God’s method of deliverance was for the people to look to the pole and live!  “Pole,” is another interesting word in the original language. This word is used 21 times in the Old Testament, but in all these uses, only twice does the word refer to “pole,” and both those times are found in Numbers 21. All the other 19 times the word means “sign” or “banner,” which I believe becomes a key literary insight that this pole was to be a sign or banner pointing to a better deliverer to come in the future.

Now, fast forward and put yourself in the story. We, like the Israelites, at some time or another, have been guilty of the sin of ingratitude. Today, we may feel like we are going backward instead of forward, especially in the pandemic season. We may only see regression instead of progression. From this, we may be discouraged, impatient, discontent, and coveting something we don’t have. This posture of discontentment is sin. 

So, we’ve all been bitten by the snake of sin and have this poisonous venom in our veins, it’s our sinful nature. Humanity inherited this sinful nature from the garden of Eden and as a result, we are all destined to die. Just like the Israelites, the only way to be saved from death and ourselves is to acknowledge our inadequacies, our sin, and look to the pole, i.e. look to the sign that is to come and live!

If you don’t look to God’s method of deliverance you will die. But good news, in the fullness of time, that sign did come. God inserted Himself in the story as that chosen method of deliverance. Jesus attested in John 3:14-15, when he says, “as Moses lifted up the serpent in the wilderness, so must the Son of Man be lifted up, that whoever believes in him may have eternal life.” John’s gospel continues to proclaim in the very next verse, “For God so loved the world that He gave His only Son that whoever believes in Him will not perish, but have eternal life” (John 3:16).  

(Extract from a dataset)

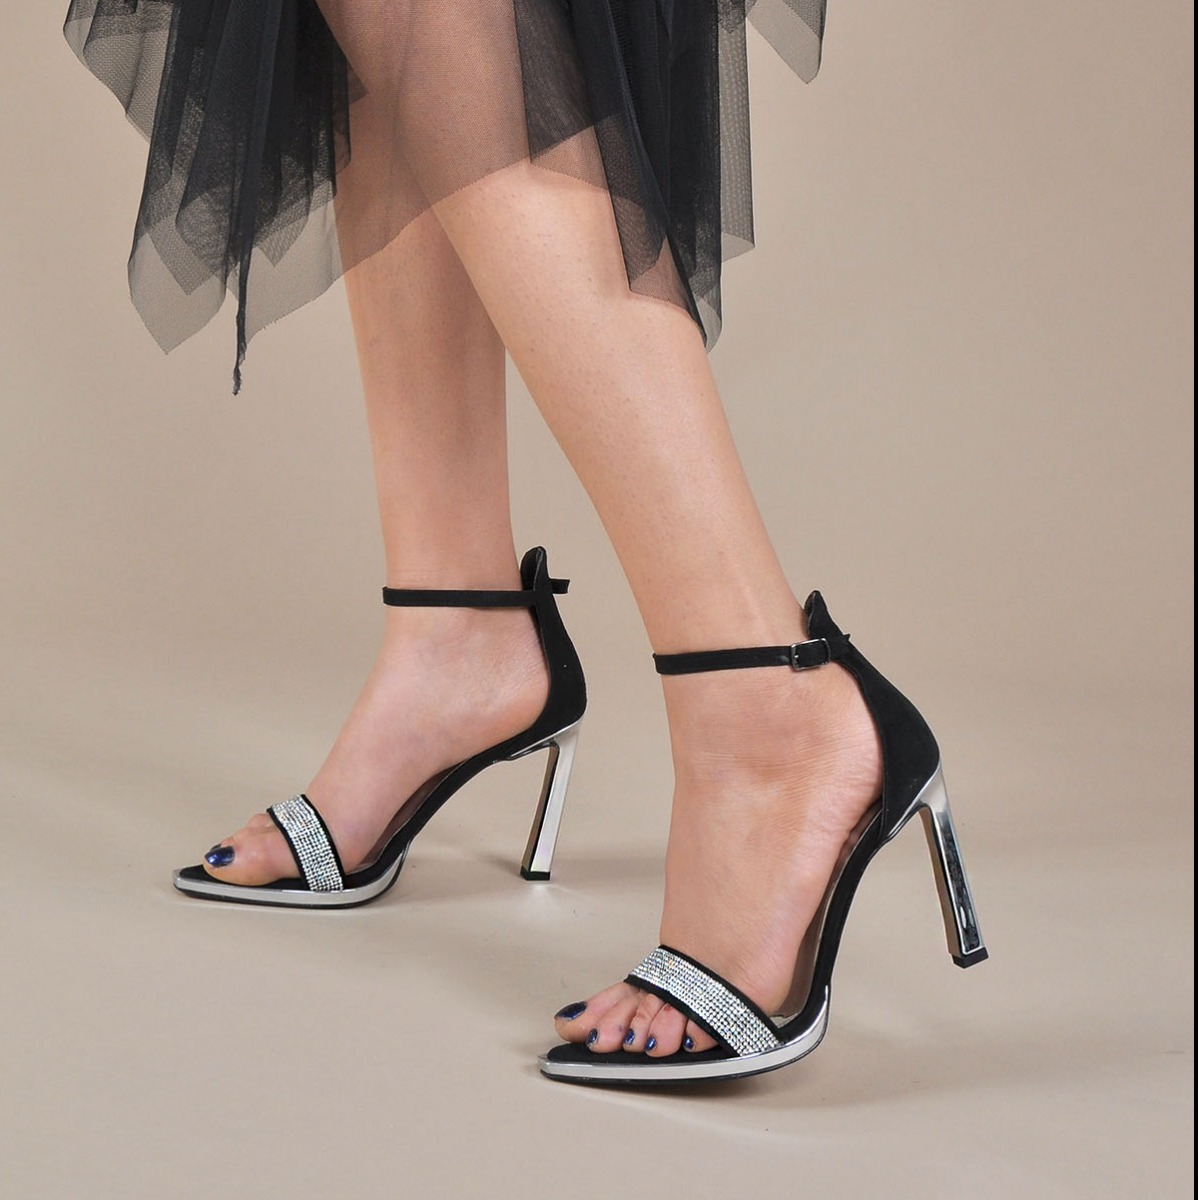 Flo Kadın  Siyah-Süet Klasik Topuklu Ayakkabı VZN20-030Y. 1

This is God’s method of deliverance, therefore look to Jesus and live! Unbelievers can look to Jesus and be saved, today! Believers can look to Jesus and grow in satisfaction with where they are and whose they are. In this pandemic season, we discover what looks like an external regression really becomes an internal progression when we look to Jesus for life.

“In this pandemic season, we discover what looks like an external regression really becomes an internal progression when we look to Jesus for life.”

This is a most interesting story, we find God’s people going backward instead of forward and ungrateful for what they do have. God however was faithful to provide a way of escape. God chose to provide the bronze serpent and whoever looked in faith lived. In doing so, this was a sign of God’s faithfulness to provide a remedy for humanity’s sin for future generations. In the fullness of time, God Himself came to earth and climbed a tree in order to provide that eternal sacrifice for sins, and in doing so, he says, look to me and live!